In this setting above, it could refer to **learning to optimize an unknown MDP $M$ where the reward function $R$ and the transition function $P$ are not fully known**.
Just like the multi-armed bandit, the agent faces an exploration/exploitation dilemma, but the effects of delayed consequences can make it significantly more challenging!

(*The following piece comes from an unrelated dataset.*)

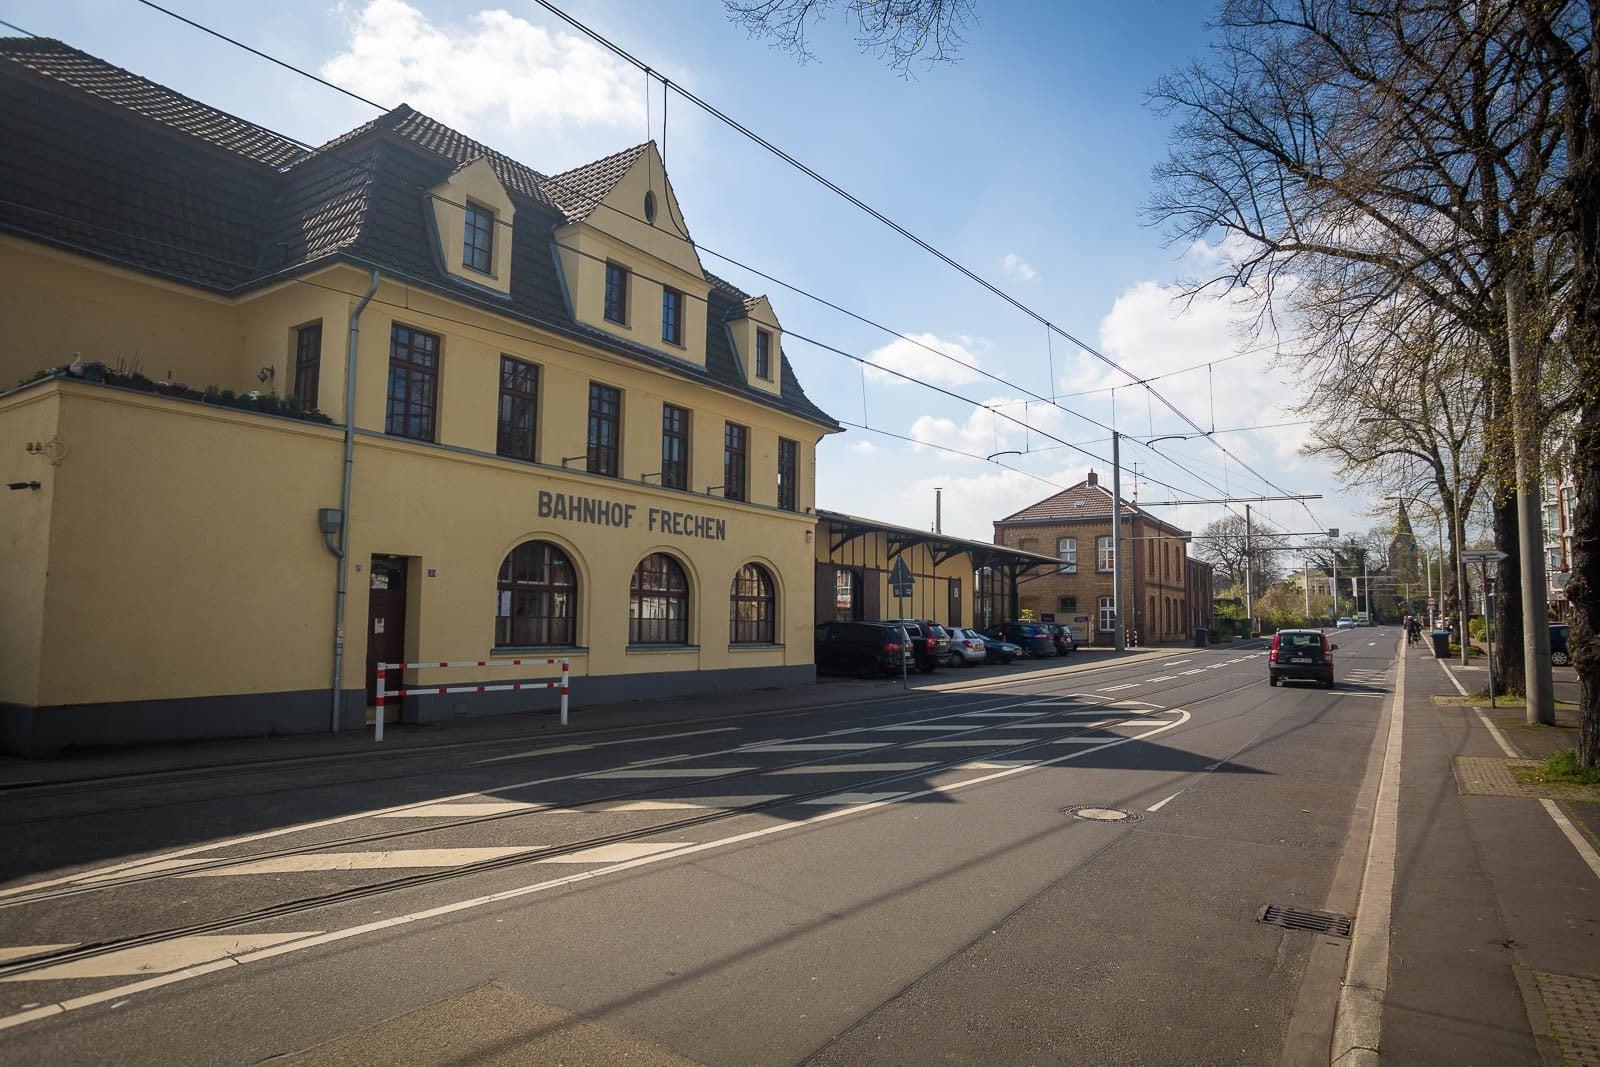 Alter Bahnhof Stadt Frechen

In my next post I’m going to go into some more detail on what makes this problem so hard and, more importantly, how we can make good learning algorithms! For now, if you are interested in learning more I’d recommend you check out the accepted intro to the field Reinforcement Learning: An Introduction.

That’s enough for now, I’ve just touched down in Montreal for NIPS - looking forward to seeing what is happening out there!